Three faculty members of IIT-Kanpur’s biosciences department have already “managed to isolate the RNA extract of the virus,” deputy director Manindra Agrawal told The Indian Express on April 1. “They are in the process of sourcing a similar extract from IIT-Indore. We are hopeful of developing a possible vaccine in the next couple of months, which can then be tested in a clinical trial.”

In the meantime, basic hygiene is in focus. As sanitiser supplies run out, these institutions are making their own.

IIT-Roorkee manufactured over 150 litres of a herbal hand sanitiser that is now being distributed free on the campus. “It is imperative to maintain basic hygiene practices since there is no specific treatment or vaccine for the disease,” said Siddharth Sharma, a research scholar at IIT Roorkee’s centre of nanotechnology, who helped prepare the product.

Researchers at the IIT Kharagpur campus have also come up with two different alcohol-based hand sanitisers. The Ropar, Hyderabad, and Madras campuses, too, have begun producing their own.

Moreover, as India buckles up for stage 3, the community transmission period, of the pandemic, monitoring suspected cases and curtailing the spread is going to get trickier.

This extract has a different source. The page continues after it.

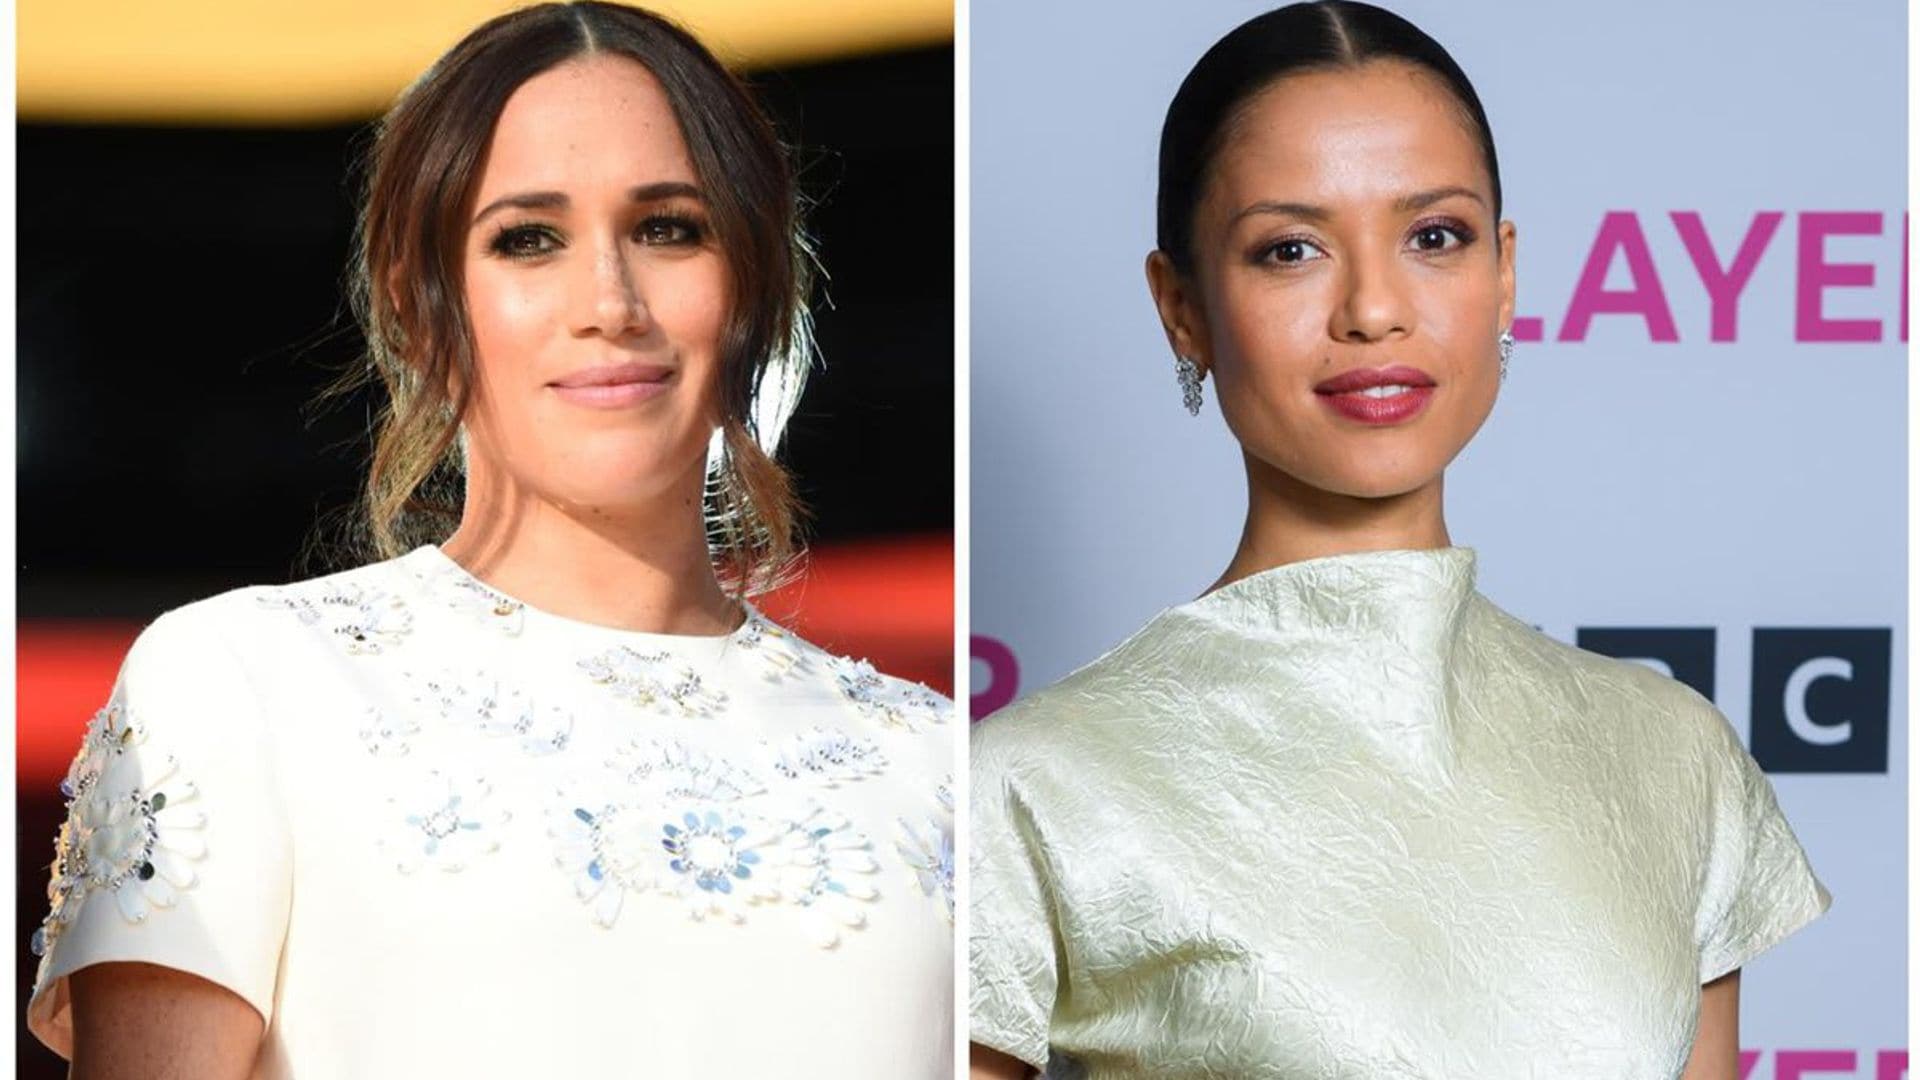 The Crown: Is Gugu Mbatha-Raw playing Meghan Markle in the Netflix series?
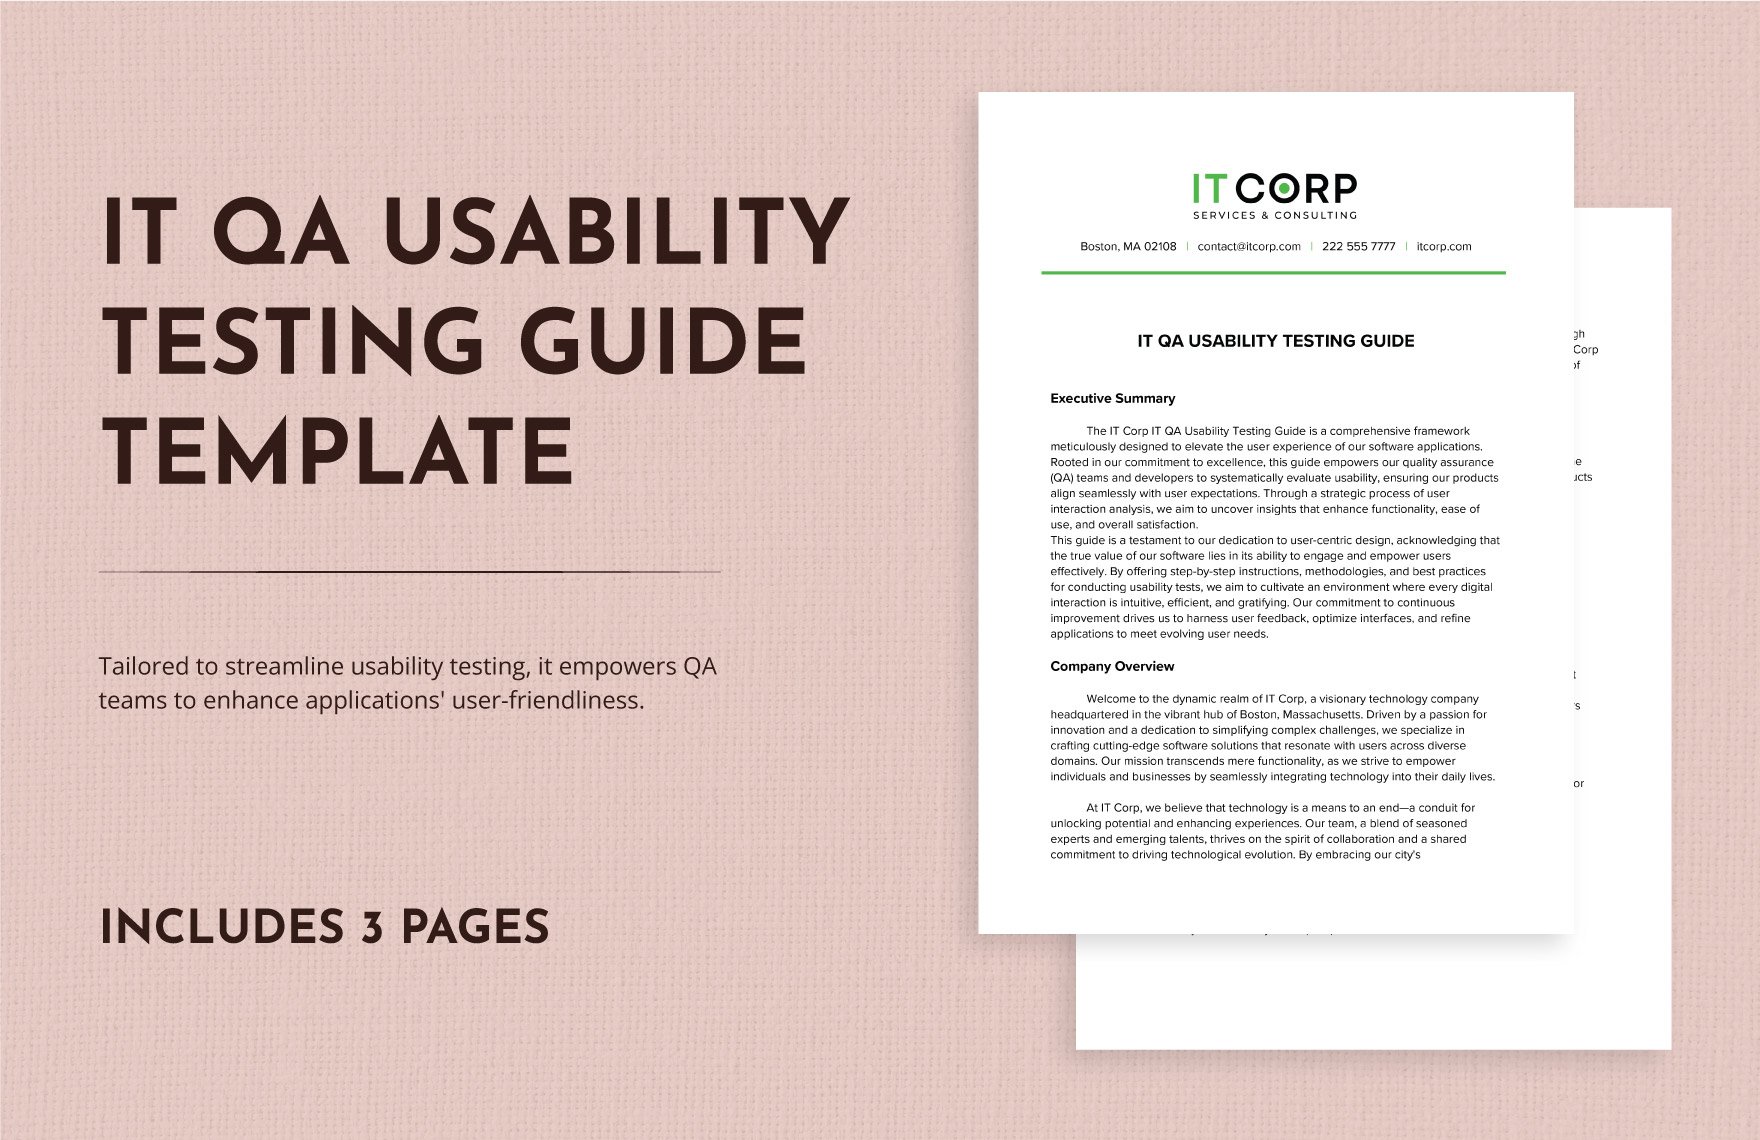 IT QA Usability Testing Guide Template

At IIT-Bombay, students and alumni have developed a mobile app called Corontine. It is based on geo-fencing, alerting the authorities if a carrier moves out of a quarantine zone. The app can generate alerts such as text messages and emails if the user moves out of the designated area. It also notifies authorities if a device is transmitting the same coordinates for too long so a call can be made to check the whereabouts of the person.

In Punjab, students at the IIT-Ropar campus, together with other engineers, came up with an app to warn users about suspected or confirmed Covid-19 carriers within two or three feet of them, as long as the other person has registered on the app, too. Ideally, it would also make it easier to trace who is coming in contact with whom.